A gender category that means people feel like both a boy and a girl, or they don't feel like a boy or a girl. 

pronouns: 
When we talk about someone, we use their name. We also use something called pronouns. Pronouns are the little words we say when we don't use someone's name. Pronouns are words like he, she, and they. You can't tell someone's pronouns by looking at them. Practice asking someone else what their pronouns are. Practice sharing your own pronouns. Most people will share their pronouns by saying "My name is ___ and my pronouns are ____." 
sex:

When babies are born, doctors look at their outside (and sometimes inside) assign them a label, or a sex. The three labels most doctors use are male, female, or intersex. Doctors label a baby as male or female when their body parts fit what doctors think most male or female bodies look like. Doctors label a baby as intersex when its parts don't fit what doctors think most male or female bodies look like. There are lots of different ways for bodies to look, both inside and outside. All bodies are special and unique. There is no right or wrong way to be male, female, or intersex.

 

For older kids, you can explain that assigned sex at birth doesn't just have to do with outside body parts. It also has to do with hormones (chemicals in our bodies that help our body grow and change as we get older) and chromosomes (tiny thread-like parts of our cells that contain proteins and DNA).DNA is what determines what our bodies will look and act like. For example, your DNA will decide whether you have brown, blue, green, or hazel eyes). People who are male, female, and intersex all have different hormones and chromosomes.

sexual orientation:
This means who you love or who you are attracted to.
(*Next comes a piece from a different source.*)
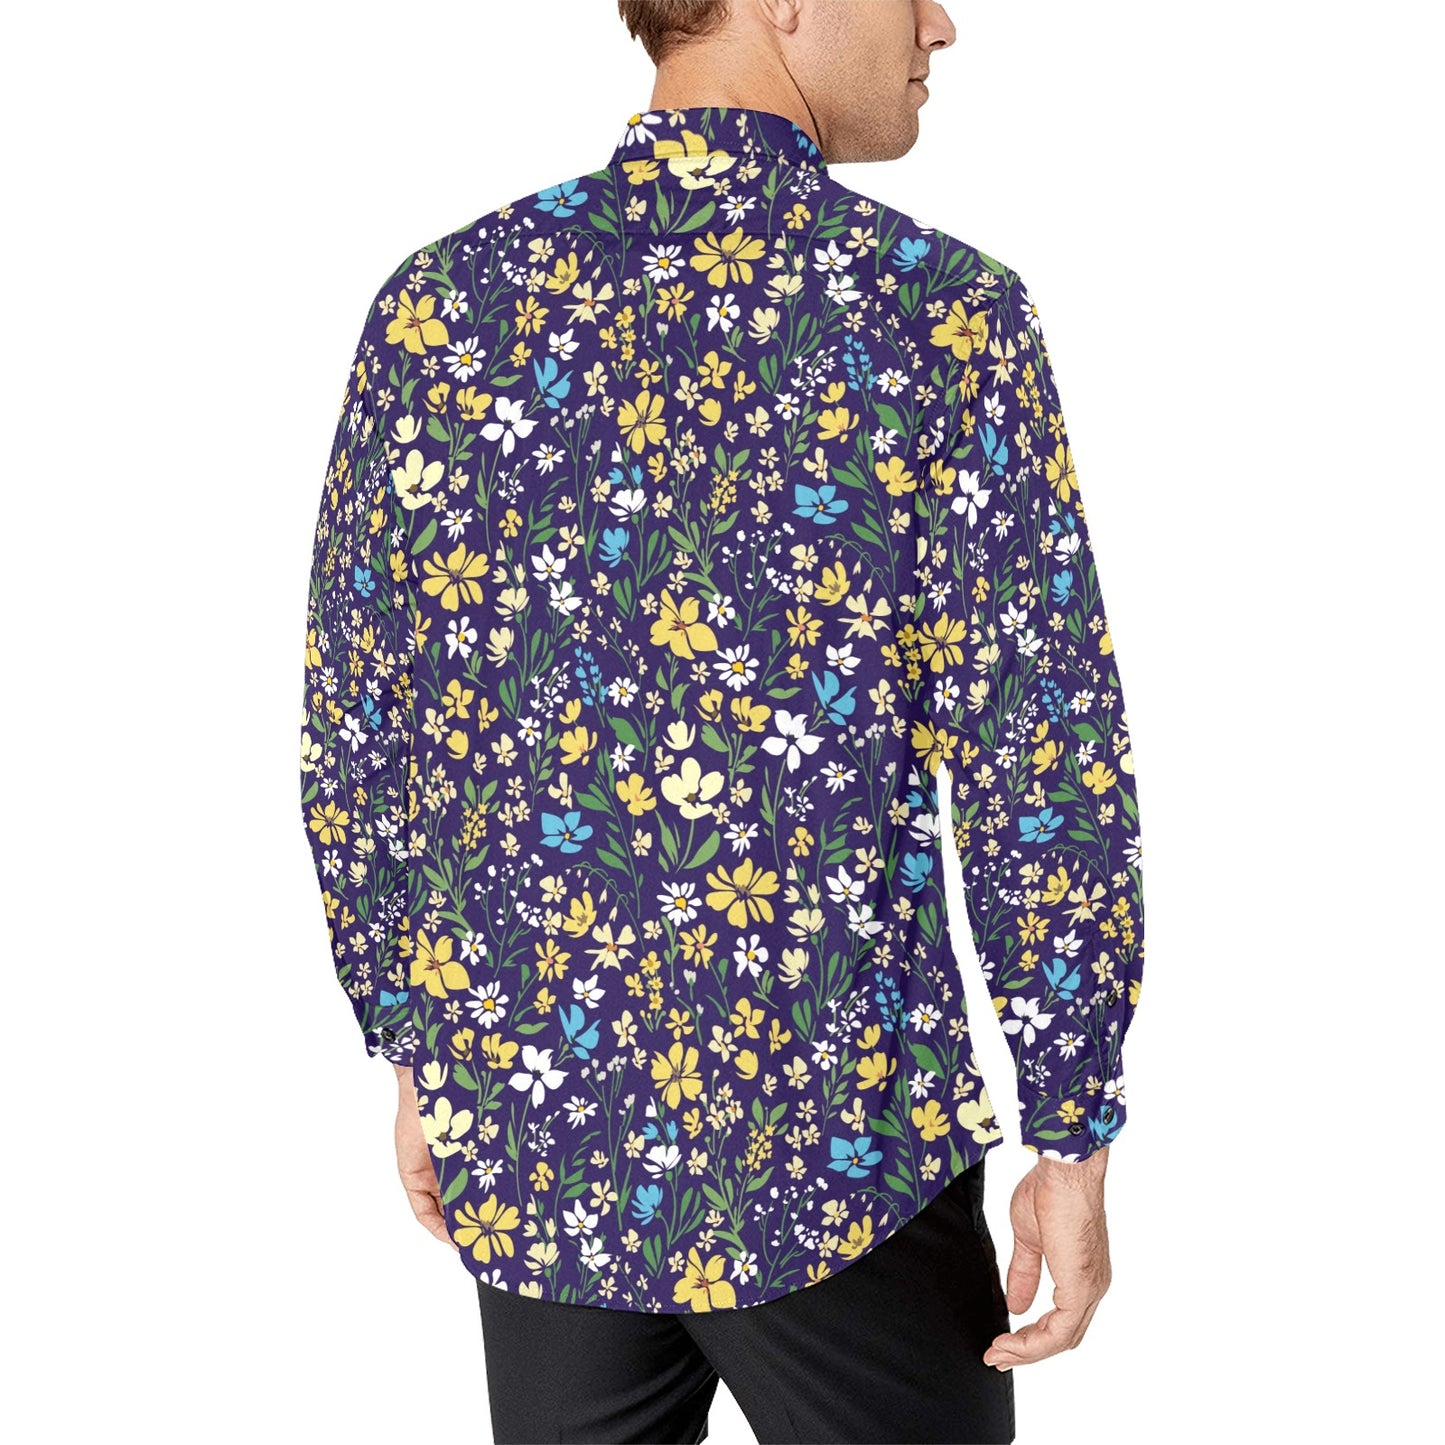 Floral Long Sleeve Men Button Up Shirt, Flowers Purple Print Casual Buttoned Collared Designer Dress Shirt with Chest Pocket

People can love someone who is the same gender as they are or a different gender than they are.
transgender:
When babies are born, doctors look at their bodies and assign them a gender based on the body parts they see. Sometimes kids grow up and they realize that their gender identity does not match what they were assigned at birth. This is called transgender. There are lots of ways to be transgender and there is no one right way to do it!